Friday, Feb. 19, 1965
Cardinals & Commissars
A NEW VATICAN LINE FOR SOCIALIST COUNTRIES? asked the Italian Communist weekly Rinascita (Rebirth) last week. Or a new Communist line for the Vatican? Currently, Pope Paul VI and his diplomats are busier than usual negotiating with East European regimes, taking advantage of small but subtle indications that satellite Communist governments might consent to give a bit more spiritual breathing room for a portion of the 65 million Roman Catholics behind the Iron Curtain.
Hungary has produced perhaps the most interesting sign of change. Last month, in the party journal Tarsadalmi Szemle (Social Review), Red Theoretician Josef Lukacs, editor of an atheist magazine, argued that "we do not get very far with the old-type atheism and anticlerical ism which tried to fight against religion in an abstract manner," and that Communism should cooperate with "well-intentioned religious people" in achieving common social goals.
Lukacs' article seemed to reflect the views of the Kadar government, which last September took a notable step toward normalization of church-state relations by signing an agreement with the Vatican allowing it to appoint bishops to a number of sees. Kadar now seems willing to move on from there and provide more freedom for the country's 6,000,000 Catholics. His condition is that Josef Cardinal Mindszenty, who still lives in the U.S. legation on Freedom Square in Budapest, will play no active role in the Hungarian church. The Vatican is reluctant to negotiate any settlement over Mindszenty's head, would like to find a way for the heroic old cardinal to leave the country with peace and honor. Thus negotiations in Hungary, in the words of Monsignor Agostino Casaroli, the Vatican diplomat who arranged the September agreement, "are at the beginning of the beginning." Meanwhile, churches are wellattended.
Yugoslavia (6,000,000 Catholics) offers considerably brighter prospects. The regime has abandoned its intransigent anti-Catholicism since the death in 1960 of Alojzije Cardinal Stepinac, churches are open and full of worshipers, a thriving religious press circulates freely. Yugoslav bishops easily gained travel permits to attend the Vatican Council or make their normal ad limina visits to the Pope. Last December, the Yugoslav Communist League Congress dropped its ban on religious practice by party members. A number of government officials formally congratulated Archbishop Franjo Seper of Zagreb after the announcement that he would be made a cardinal at Pope Paul's consistory next week. Monsignor Casaroli reported that he was "very satisfied" with the results of a recent ten-day visit to Belgrade, and Vatican officials hint that a formal agreement with Tito may be signed as early as March.
Poland has a church with considerable freedom of operation--thanks to the unshakable faith of the Poles, who are 96.5% Catholic, and the skillful diplomacy of Stefan Cardinal Wyszynski.
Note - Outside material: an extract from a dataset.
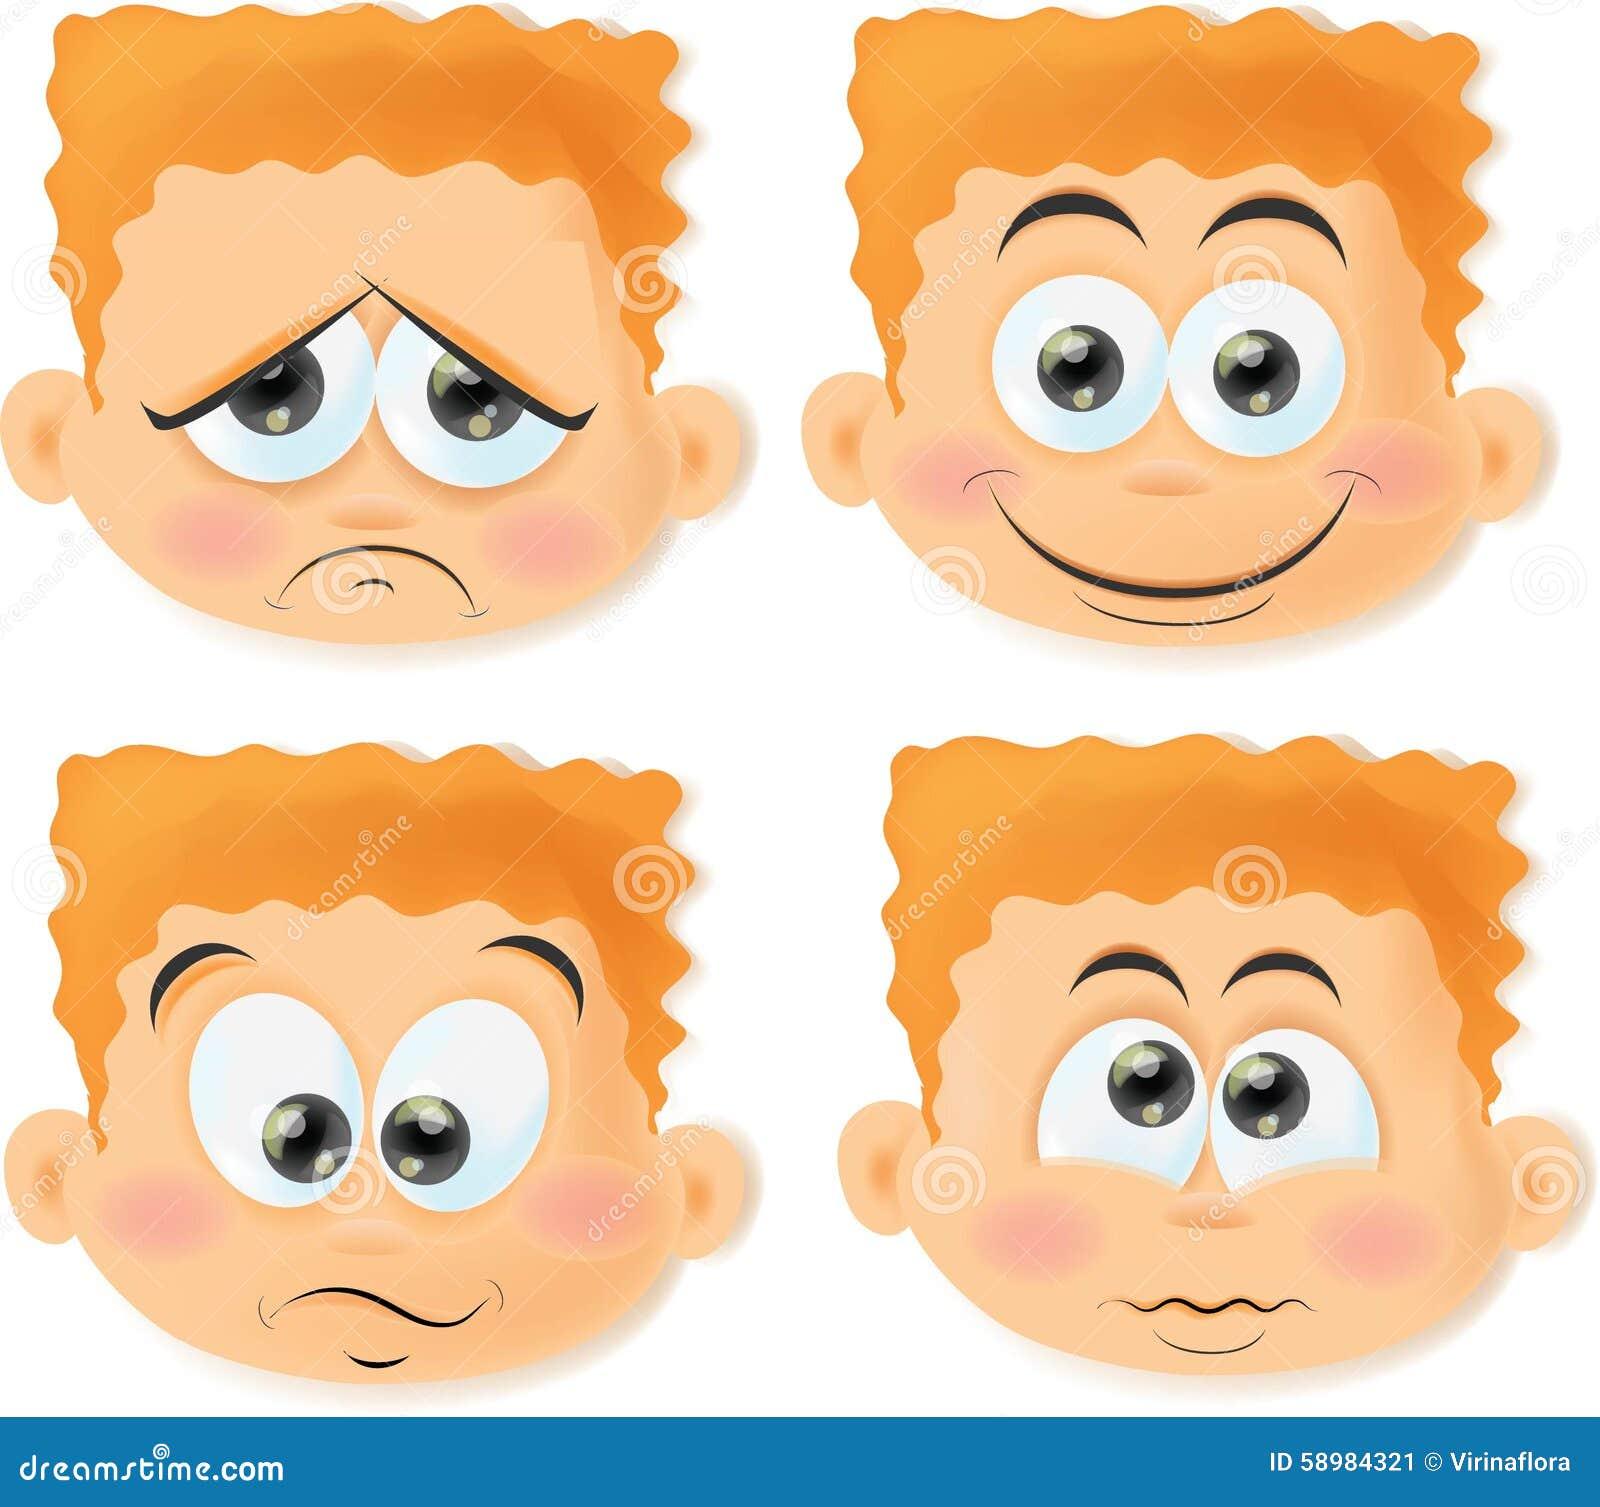 Funny Cartoon Images Of Boys cartoon boys with funny faces,vector stock vector

But the Polish government has imposed heavy taxes on the church, and is trying to limit religious instruction in schools; Wyszynski responds with fiery sermons against Red harassment. Gomulka would like to bypass Wyszynski and establish diplomatic relations with the Vatican, but the cardinal got assurances from the Vatican that it would not negotiate with the Polish government without his consent. He also asked Pope Paul not to name a Pole among the 27 new cardinals; both of the most likely candidates were regarded as more "reformist" than Wyszynski. Church diplomats still seek a formula for discussing church affairs with the Communists without imposing a solution against the will of the most politically astute and successful archbishop in Eastern Europe.
Czechoslovakia (9,000,000 Catholics) has plenty of hard-line Stalinists in government and an old anticlerical tradition. Churches are empty and in poor repair; most of the dioceses are without bishops; priests are still arrested for anti-regime activities. But even here the church's prospects are improving. President Antonin Novotny is eager to touch up the Czech image in the West, and his government was clearly embarrassed when the Pope bestowed a red hat on Prague's Archbishop Josef Beran, now under house arrest. Czech exiles in Rome are preparing Beran's quarters for the consistory, and last week there were rumors that Casaroli had all but completed an agreement with the Reds. Beran would be called to the Curia; in return, the government might allow the Vatican to appoint new bishops and restore certain church properties. Whether the deal is completed seems to depend on how much the Czechs will concede.
Vatican officials see no improvement in countries where persecution of small Catholic minorities has been most severe--Albania, Bulgaria, Rumania, East Germany--and Vatican-Soviet relations are in cold storage. Moreover, the church is aware that any concessions offered represent tactical maneuvers, not any real reduction of Marxist hostility to religion. Thus, for the time being, Pope Paul hopes to obtain not a modus vivendi but a modus non moriendi (a way of not dying).